То ли мне кто-то внушил эту мысль, то ли она появилась сама по себе, но я стал беспокоиться об отсутствующих. Клязьма в те дни представляла собой поселок, утопавший в деревьях, непроглядной листве. Было совершенно темно: лишь кое-где на столбах раскачивались на ветру фонари, но и те почти все были разбиты либо перегорели. Ночью поселок вымирал совершенно: ни людей, ни машин, разве что кошки, собаки, белки, ежи. Свет в окнах почти не встречался; сараи, дома и всяческие обветшалые постройки неизвестного назначения мертво чернели во тьме где-то в глубинах заросших садов. Заблудиться было легко, особенно человеку приезжему. То есть не просто легко: решив побродить по поселку, он заблудился бы обязательно. К тому же без особых усилий можно было нарваться на неприятности: темные тени персонажей угрюмых и мрачных, намерений непредсказуемых, вряд ли доброжелательных, вполне могли вырасти из-за любого угла. Понятно, что из нашей компании, тем более как следует заряженной водкой, вином и, главное, мистической, метафизической атмосферой, никто ничего не боялся, наоборот, ощущая себя в центре событий могущественных и потусторонних, каждый считал, что если опасность и есть, то, разумеется, больше для тех, кому не повезет встретиться по пути. Но, как знаток данной местности, я все же решил отправиться на поиски.

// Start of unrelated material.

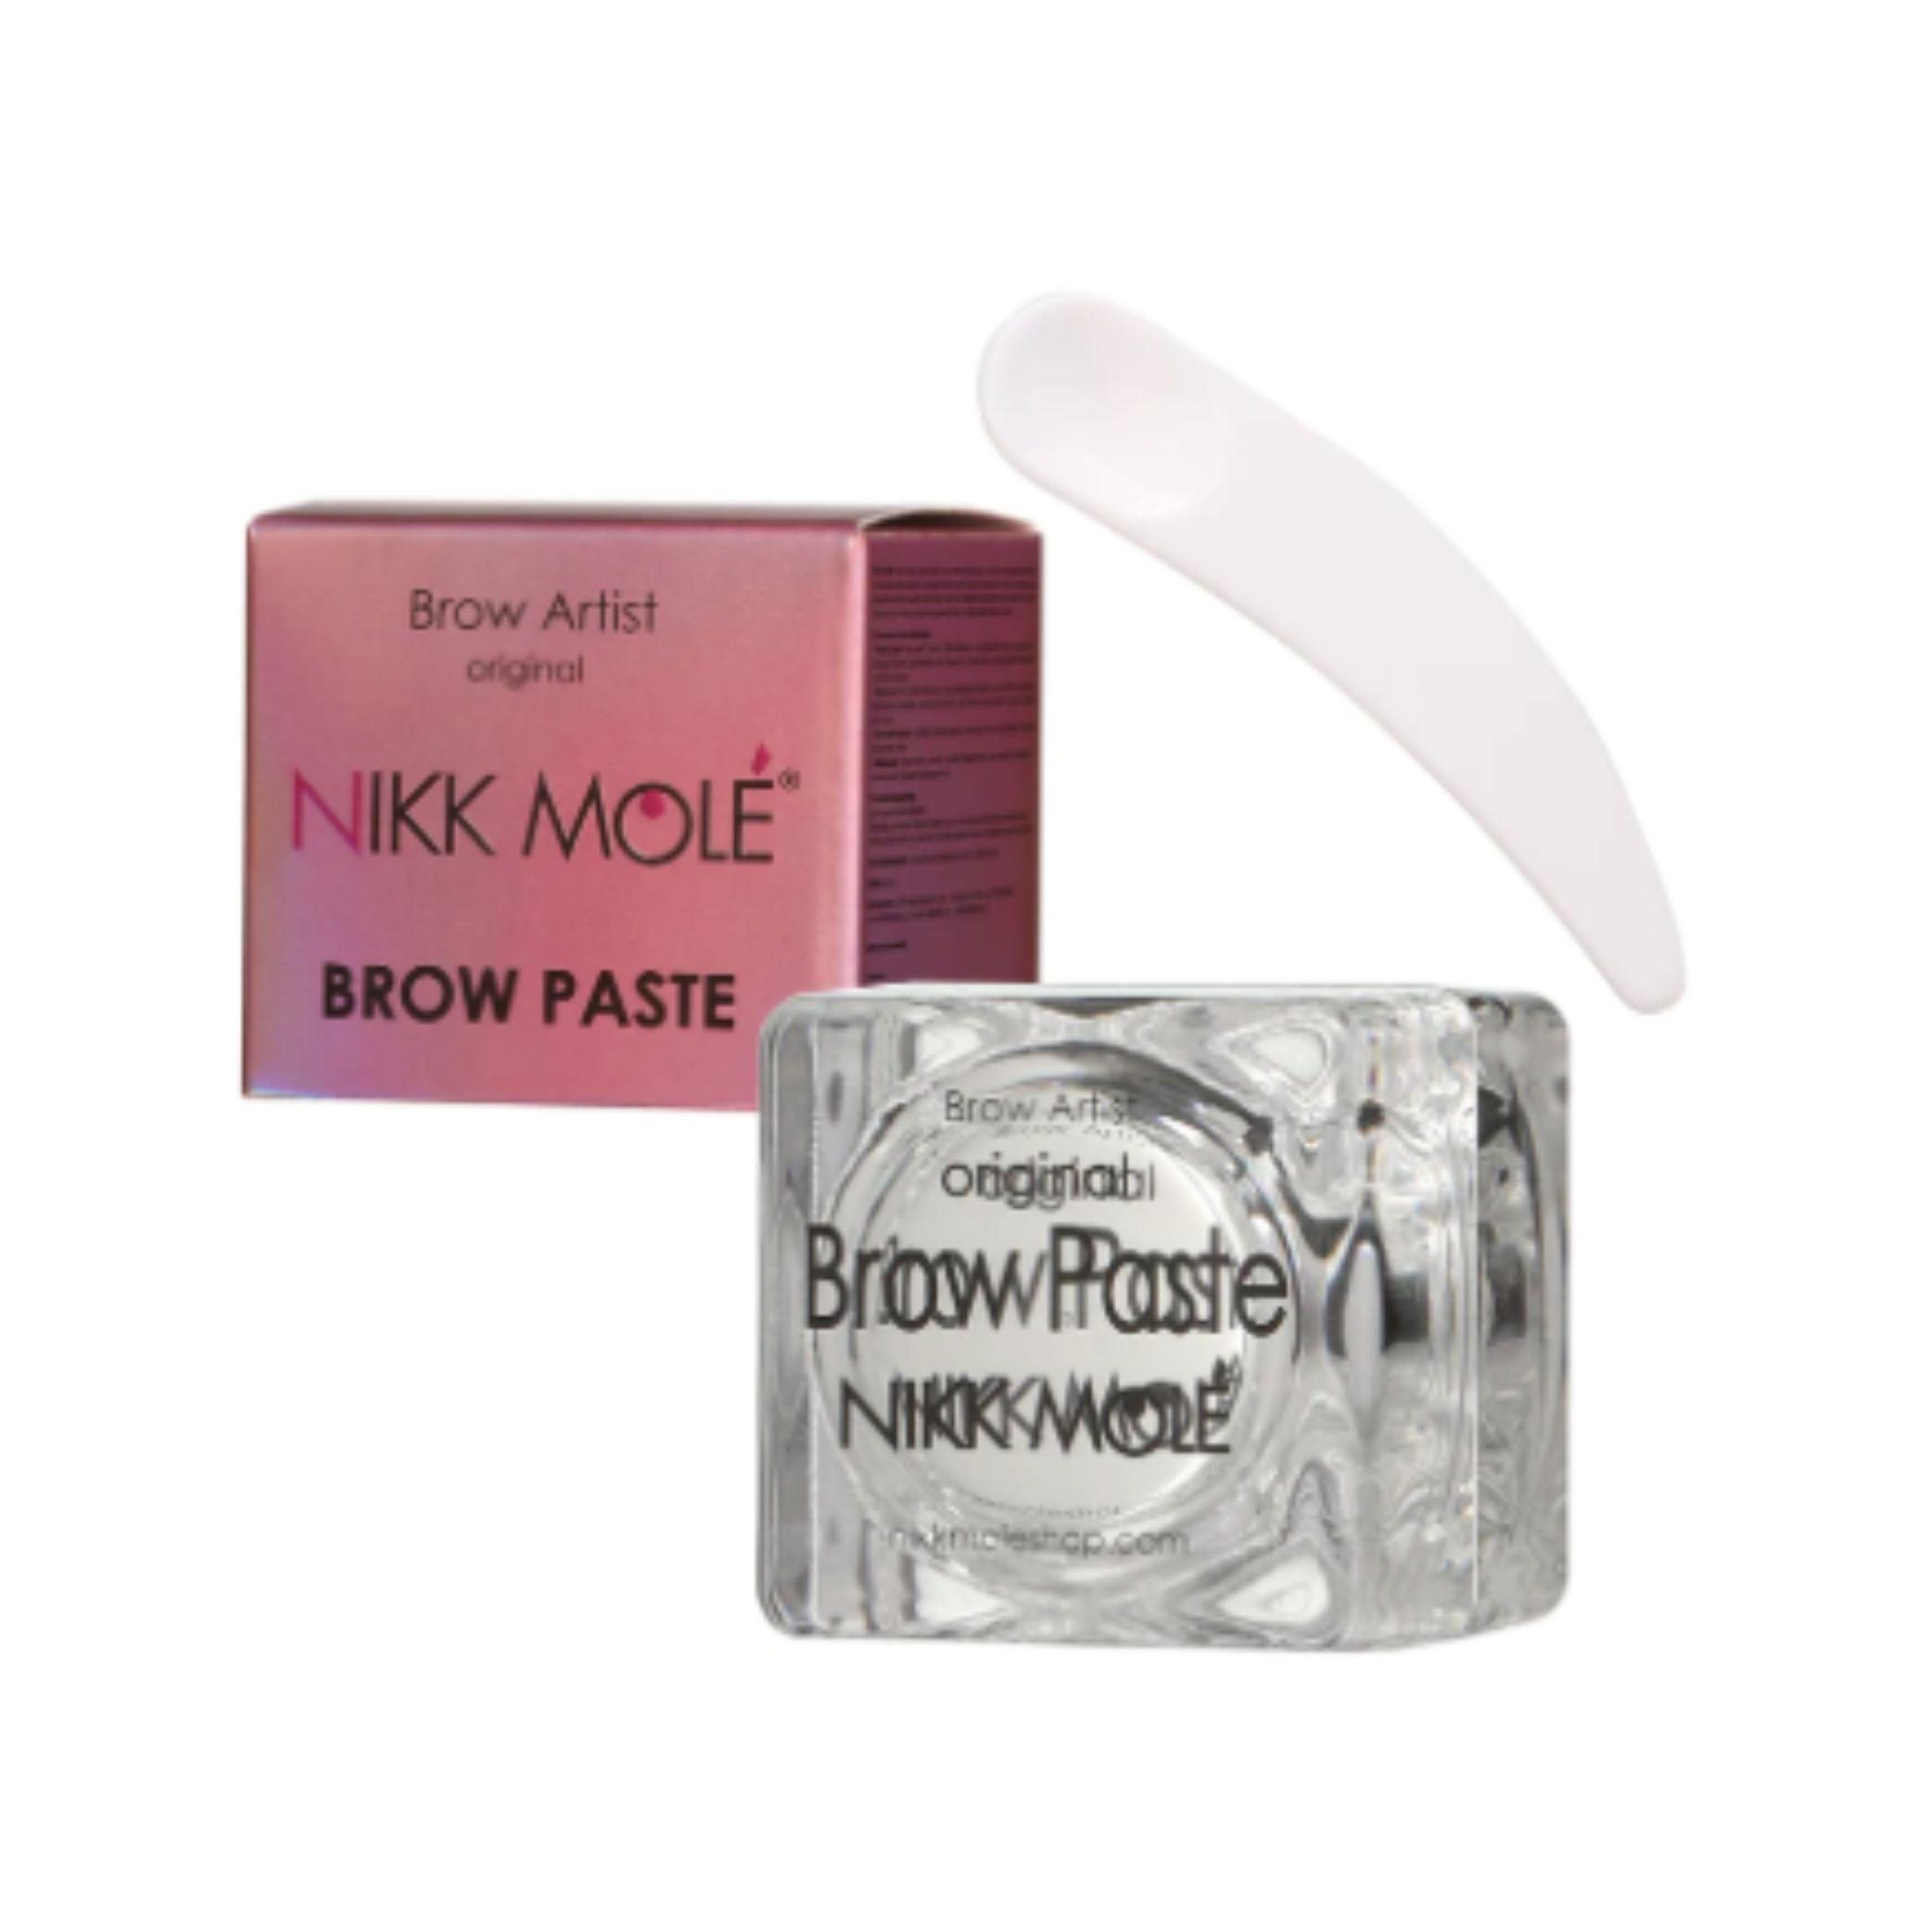 Nikk Mole Brow Paste - White - The Beauty House Shop

Бродил по проулкам я долго, на перекрестках сворачивая наугад. Нигде никого. Быстрая ходьба добавила бодрости, но смещение перспектив в сторону пространств онирических, зыбких, подвижных, интригующих и непонятных все равно оставалось. Иногда проступали знакомые улицы, иногда представлялись какие-то колоссальные древние города, ну и мало ли что. Преодолев очередной темный проулок, я неожиданно вышел к центральному перекрестку поселка. Под раскачивающимся поскрипывающим фонарем, единственным в темном пространстве, прислонившись спиной к деревянному столбу, стоял Головин в небрежно распахнутом черном одеянии – то ли плаще, то ли пальто, – застыв неподвижно. Видимо, он пребывал в каком-то своем одиноком плавании. Кажется, шел мелкий дождь. Нигде никого. Я тут же обрадовался и воодушевился, но ненадолго: что-то в фигуре и позе Головина заставляло насторожиться, тонкие ледяные струйки потекли вдруг в крови. Подойдя совсем близко, я взглянул на его лицо, потом посмотрел прямо в глаза.